• **YOUR TASK**
Starting from the line with "Органы мишени при", please copy exactly every line to the end of the listing, but not the pictures.

• **RAW DATA**
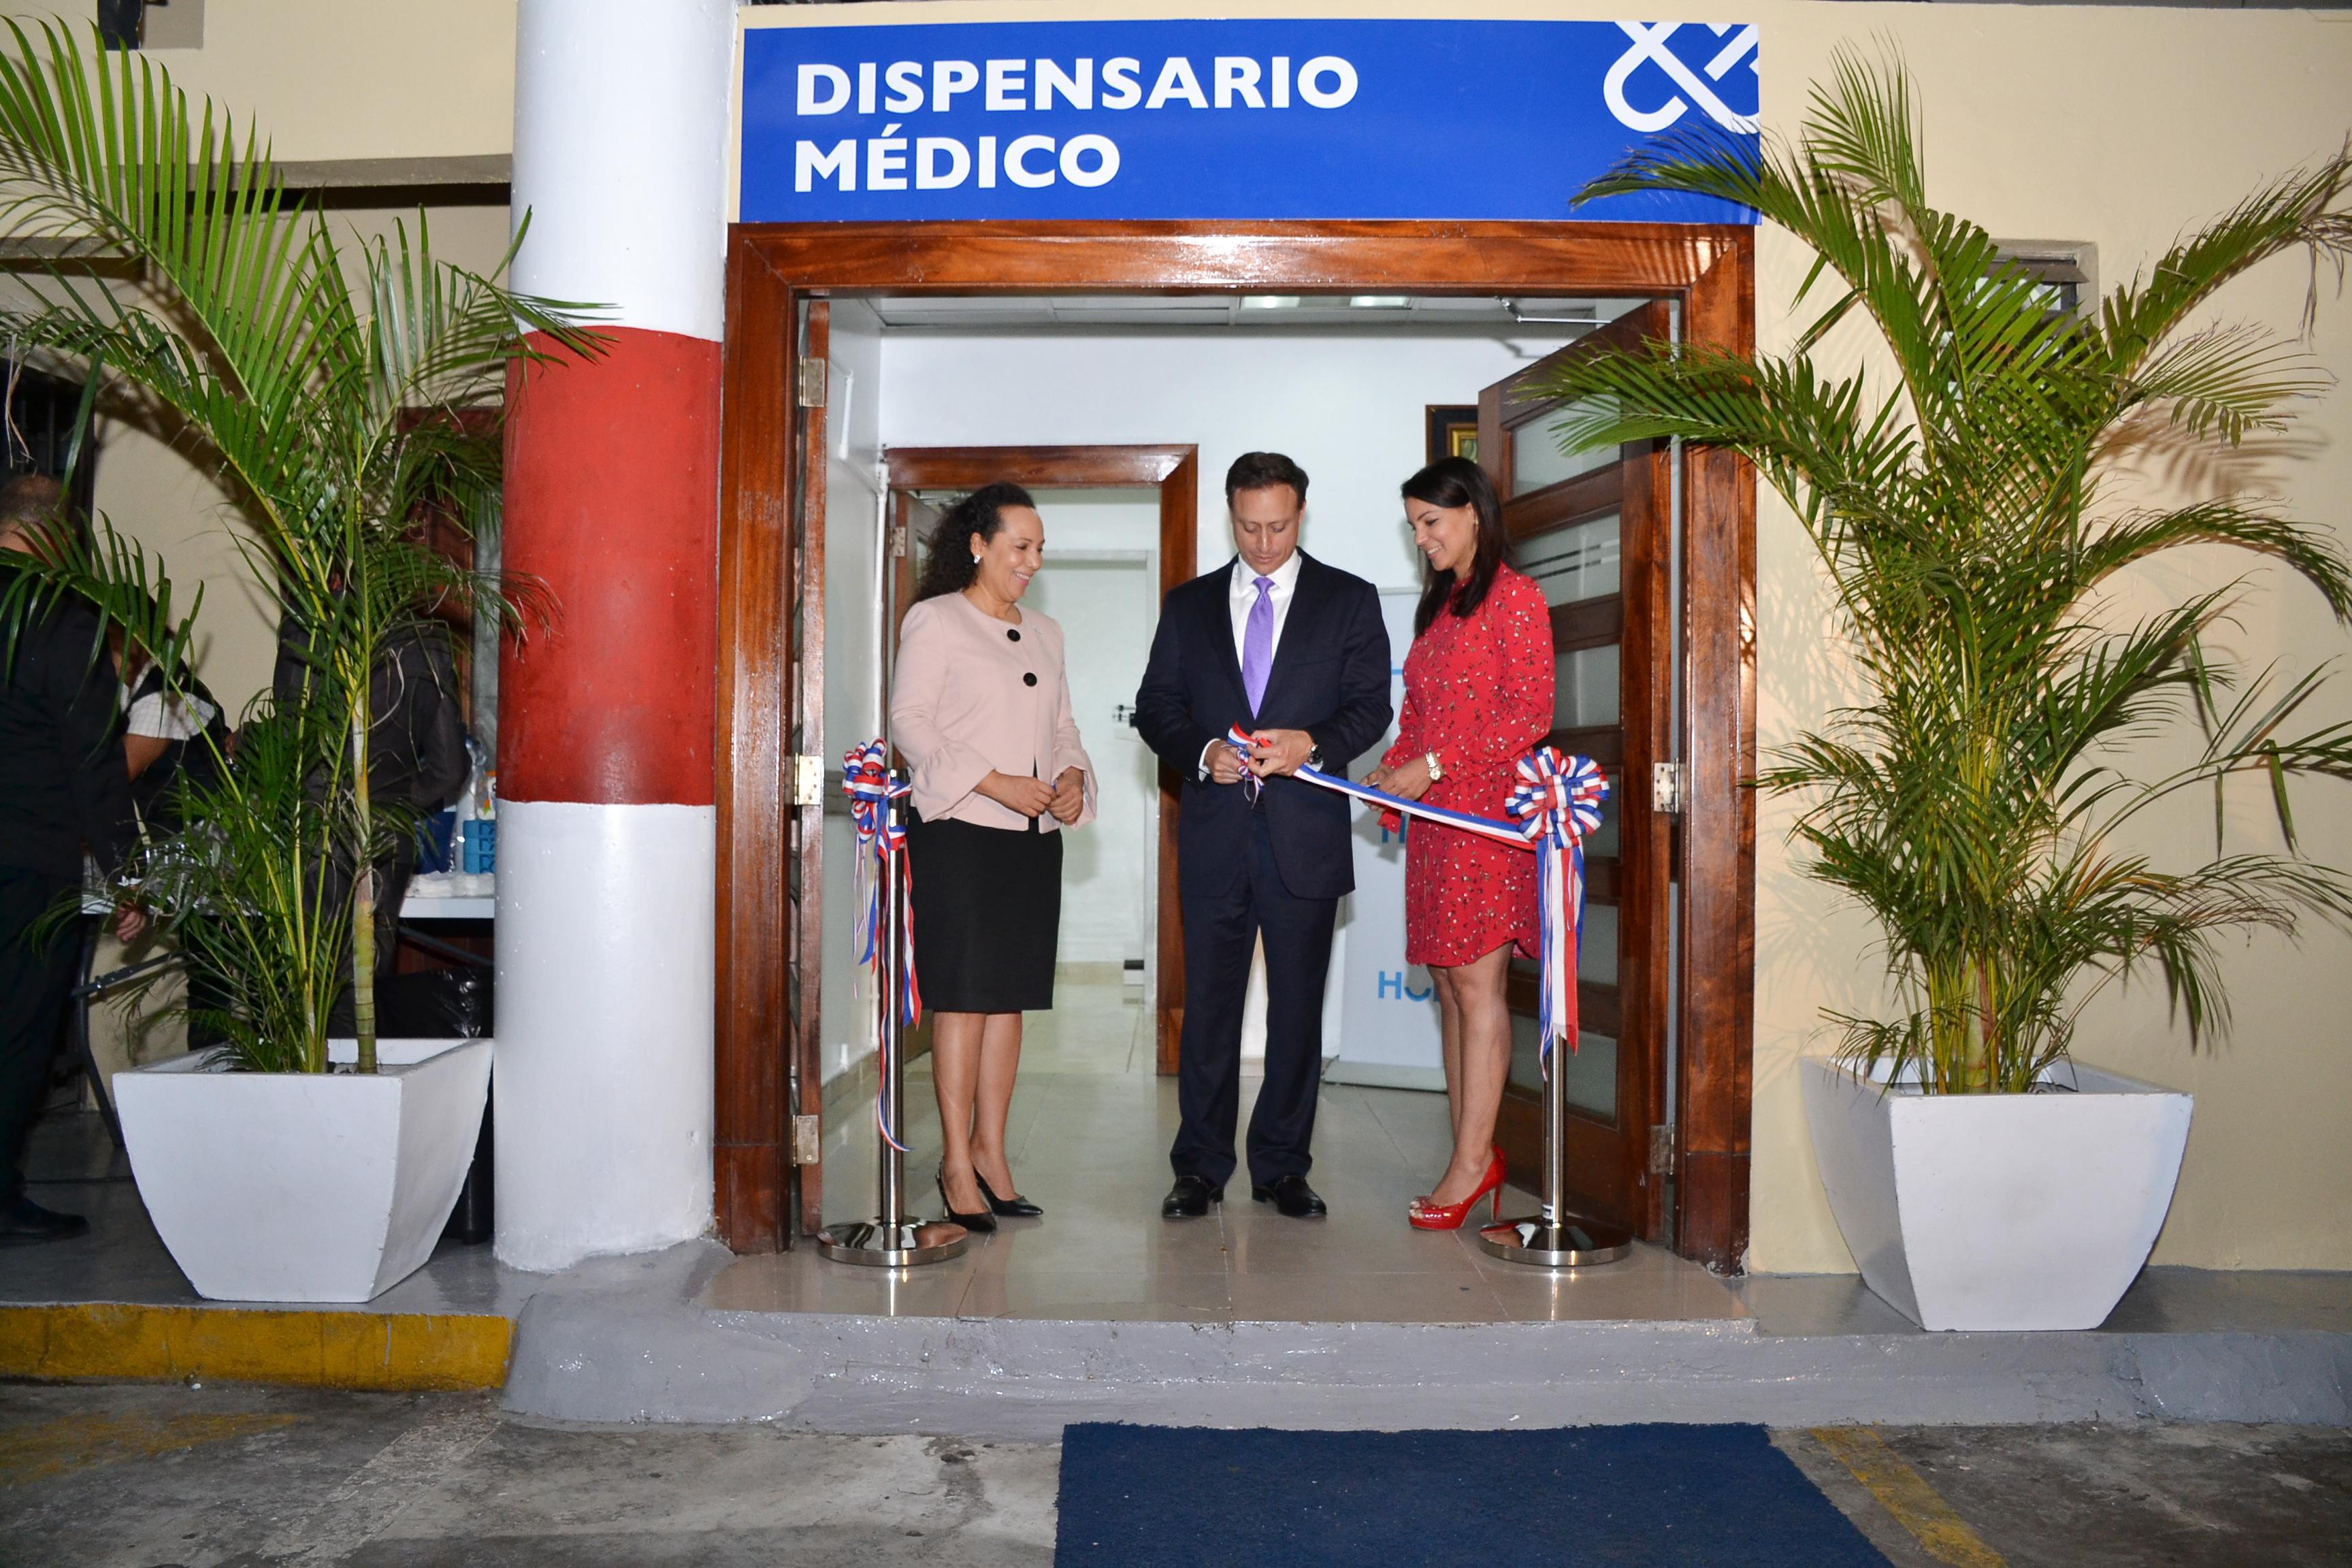 Procurador inaugura dispensario médico para empleados de la institución
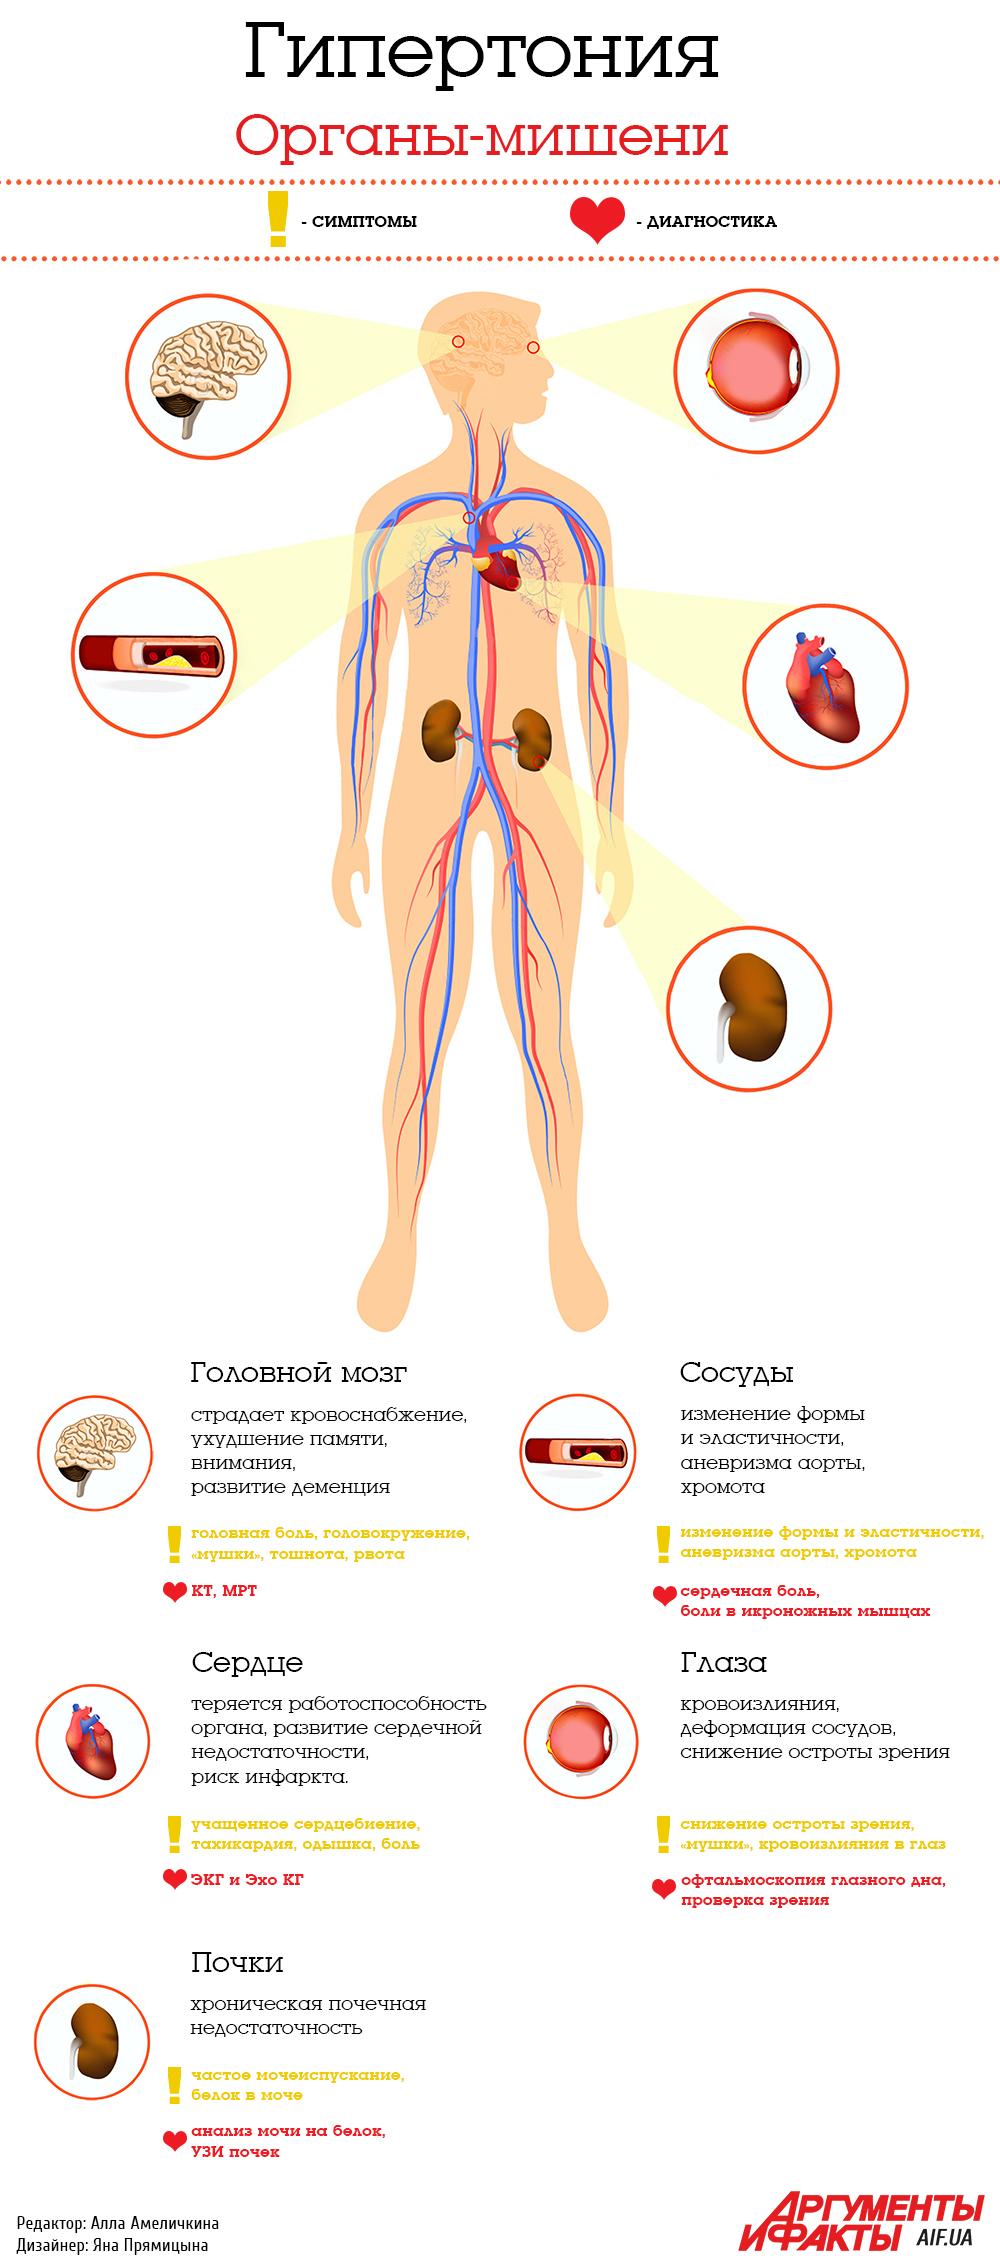 Органы мишени при артериальной гипертензии - Здоровое Давление
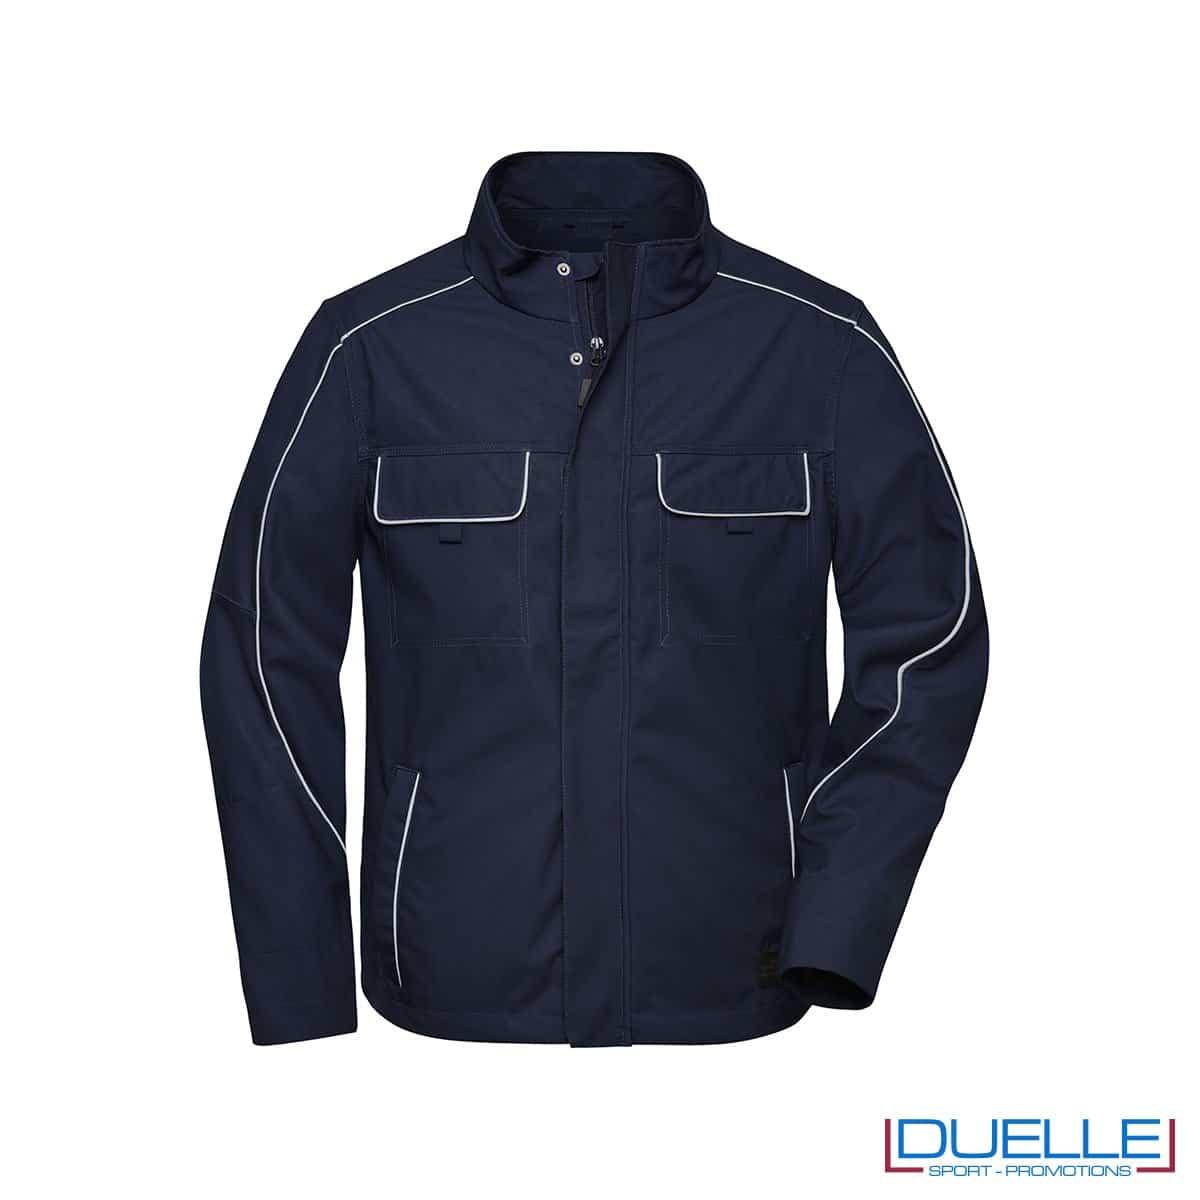 Giacca da lavoro blu navy personalizzata

• **THE COMPLETED TASK**
 Органы мишени при артериальной гипертензии - Здоровое Давление
 Giacca da lavoro blu navy personalizzata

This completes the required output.